Another example: One of my employer's projects has special GNU gettext files for translation and internationalization. These exist in a subdirectory with its own documentation and support scripts, but it absolutely needs to stay within the application that is using it for string-conversions.
Not 'this is a separate project'. Not 'project documentation file'.
You can have read mes dotted all over a project if that's necessary.
It's simply a file that a previous developer is asking you to read before you start making around in that directory.
This is very very wrong. Anthropic's Max plan is like 10% of the cost of paying for tokens directly if you are a heavy user. And if you still hit the rate-limits, Claude Code can roll-over into you paying for tokens through API credits. Although, I have never hit the rate limits since I upgraded to the $200/month plan.
Also, if you sign up for Anthropic’s feedback program you get a 30% reduction on API usage.
It is insanity to spend thousands of dollars a month when you could be spending hundreds for the exact same product.
It's an absolute no-brainer. And it's not even "either or". You can use both the plan and fallback to the API when you get rate-limited. A 30% discount on tokens cannot match the 90% discount on tokens you get using the plan. The math is so unbelievably in favour of the plan.

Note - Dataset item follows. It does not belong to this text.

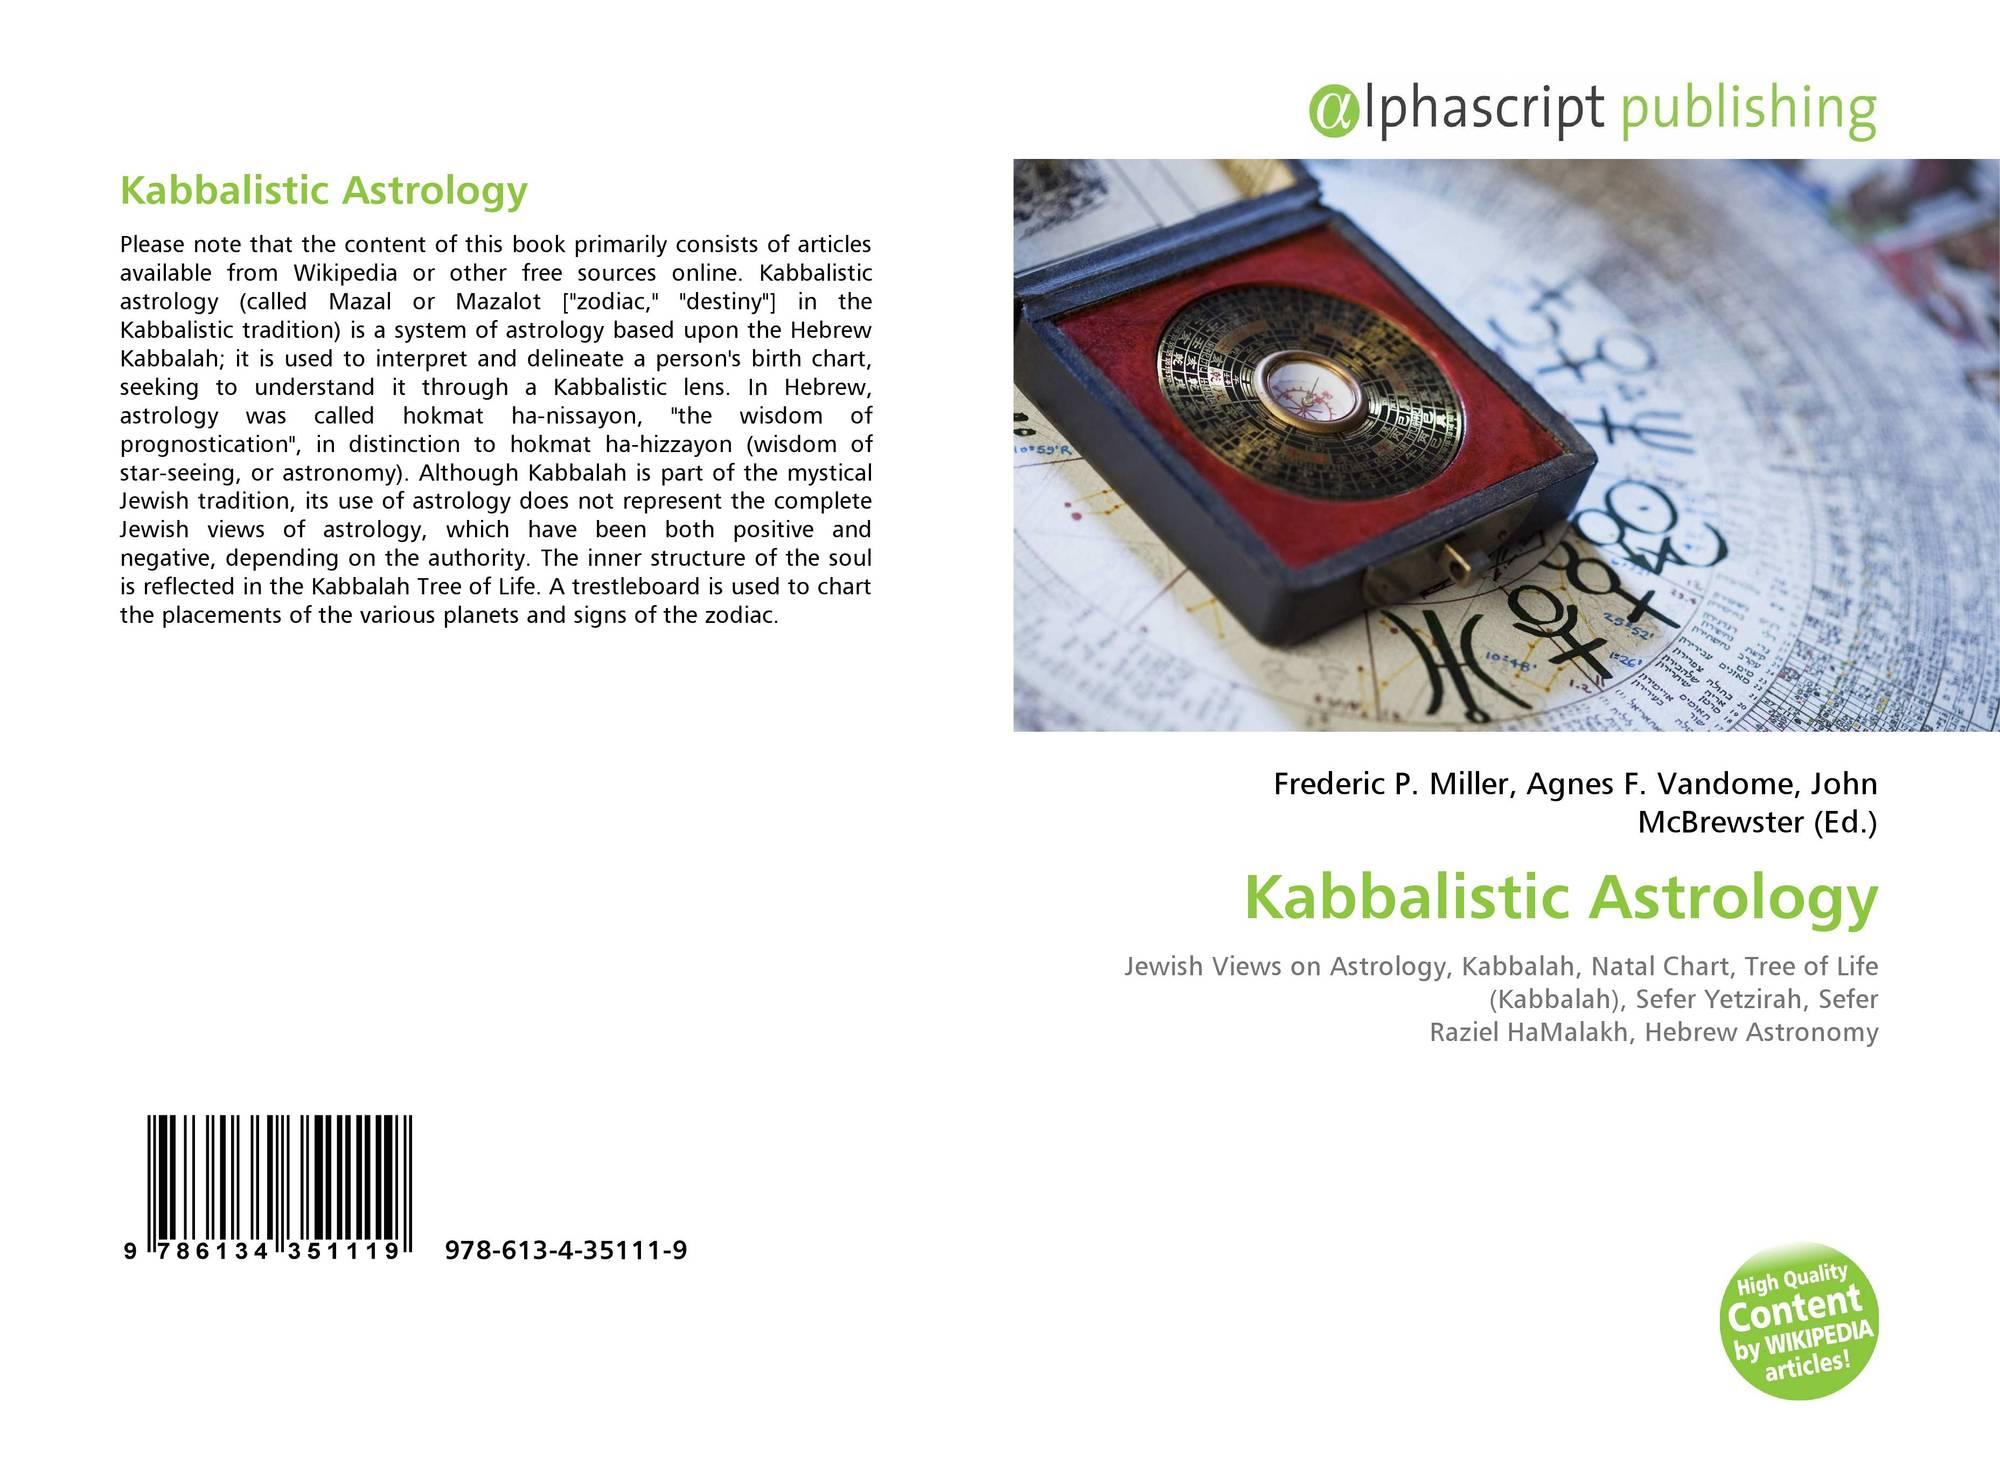 Kabbalistic Astrology 978 613 4 35111 9 6134351113 9786134351119

There are probably people who are not heavy users where the plan may not make sense. But for heavy users, you are burning piles of your own money by not using Anthropic's Max plan. You only need a week of moderate usage a month and already the plan will have paid for itself compared to paying for API credits directly.
I acknowledge that and get like $400 worth of tokens from my $20 Claude Code Pro subscription every month.

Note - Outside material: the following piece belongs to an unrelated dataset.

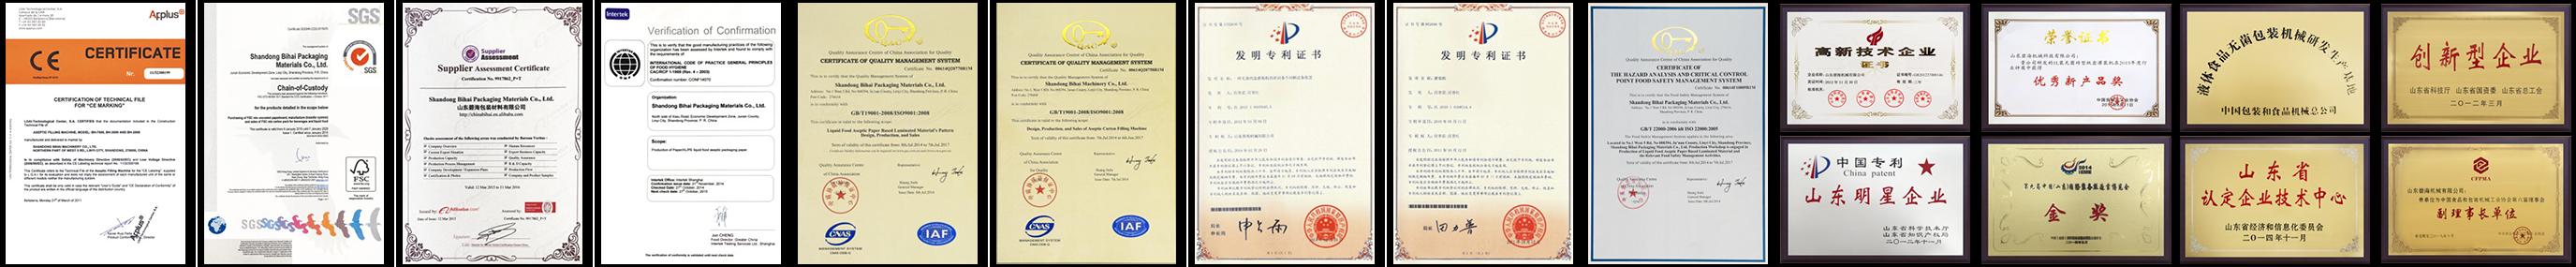 Shandong Bihai Packaging Materials Co., Ltd. - Aseptic Packaging ...

I'm building tools I can use when the VC money runs out or a clear winner gets on top and the prices shoot up to realistic levels.

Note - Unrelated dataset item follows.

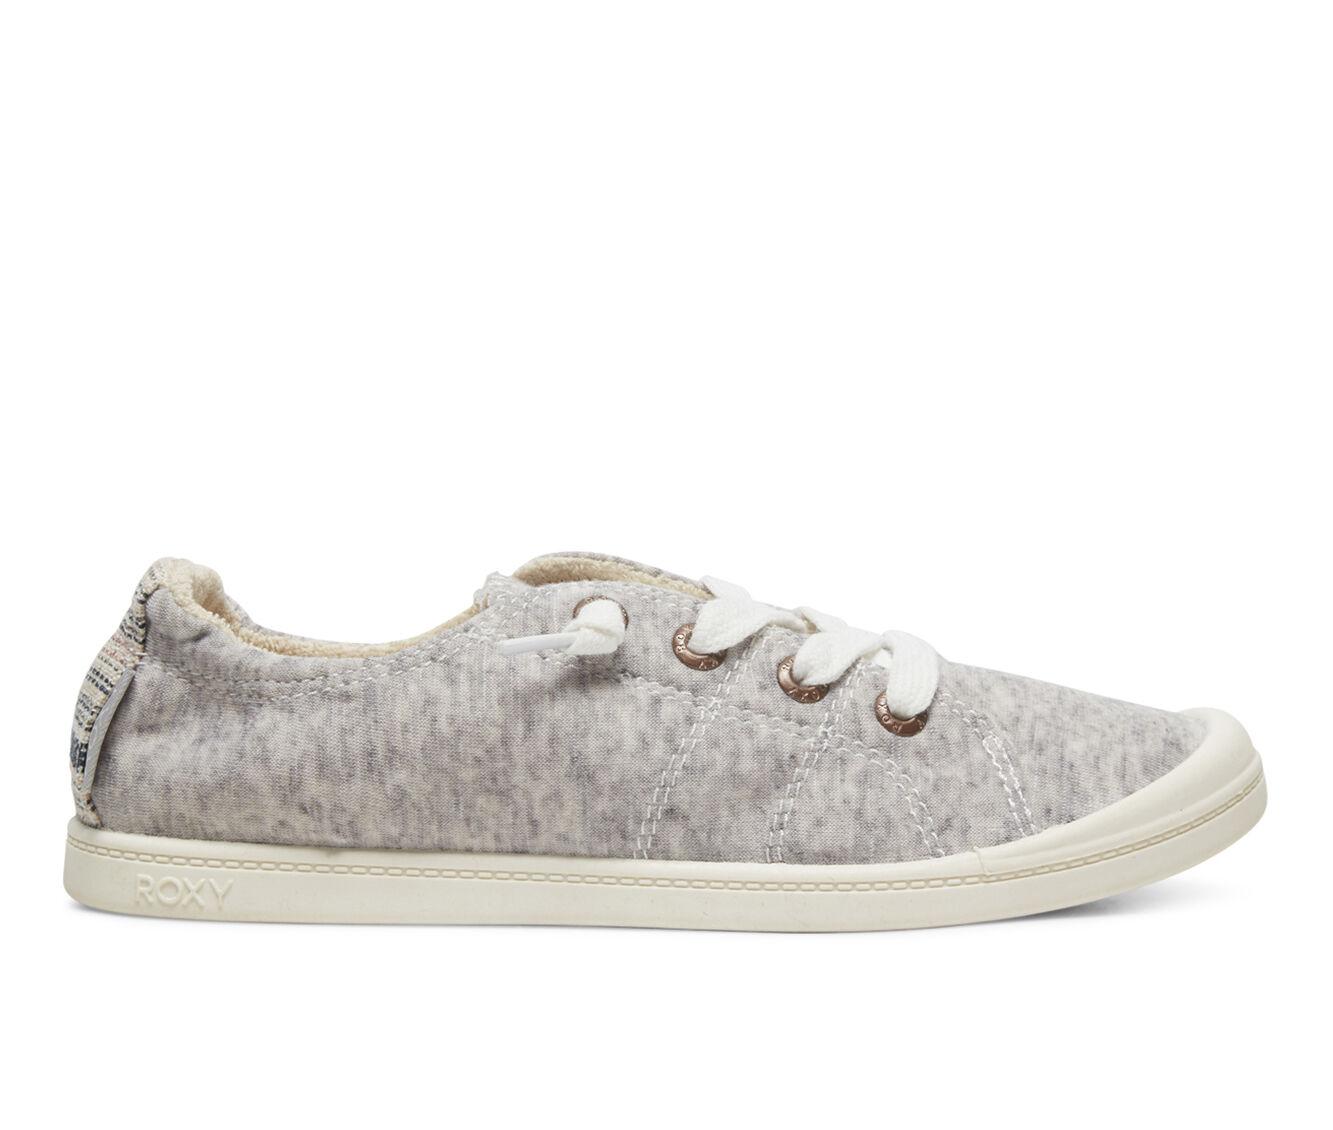 Women's Roxy Bayshore Sneakers Heather Grey

At that point I've hopefully got enough local compute to run a local model though.
It’s not an advertisement; I apologize if I come off as a Claude Code fanboy.
If you read part 1 of my post (linked in my OP) you will see that I disclosed exactly how much I paid for my usage, and also the reasons that I ended up choosing Claude Code over other agents.
If you are considering leveraging any of the documentation or examples, you need to validate that the documentation or example actually matches what is currently in the code.
I have better luck being more concise and avoiding anthropomorphizing. Something like:
"validate documentation against existing code before implementation"
Should accomplish the same thing!
But I also use more casual style when investigating. “See what you think about the existing inheritance model, propose any improvements that will make it easier to maintain. I was thinking that creating a new base class for tree and flower to inherit from might make sense, but maybe that’s over complicating things”
(Expressing uncertainty seems to help avoid the model latching on to every idea with “you’re absolutely right!”)
Also, there's a big difference between giving general "always on" context (as in agents.md) for vibe coding - like "validate against existing code" etc - versus bouncing ideas in a chat session like your example, where you don't necessarily have a specific approach in mind and burning a few extra tokens for a one off query is no big deal.
Context isn't free (either literally or in terms of processing time) and there's definitely a balance to be found for a given task.
This is definitely a way in which working with LLMs is frustrating. I find them helpful, but I don't know that I'm getting "better" at using them. Every time I feel like I've discovered something, it seems to be situation specific.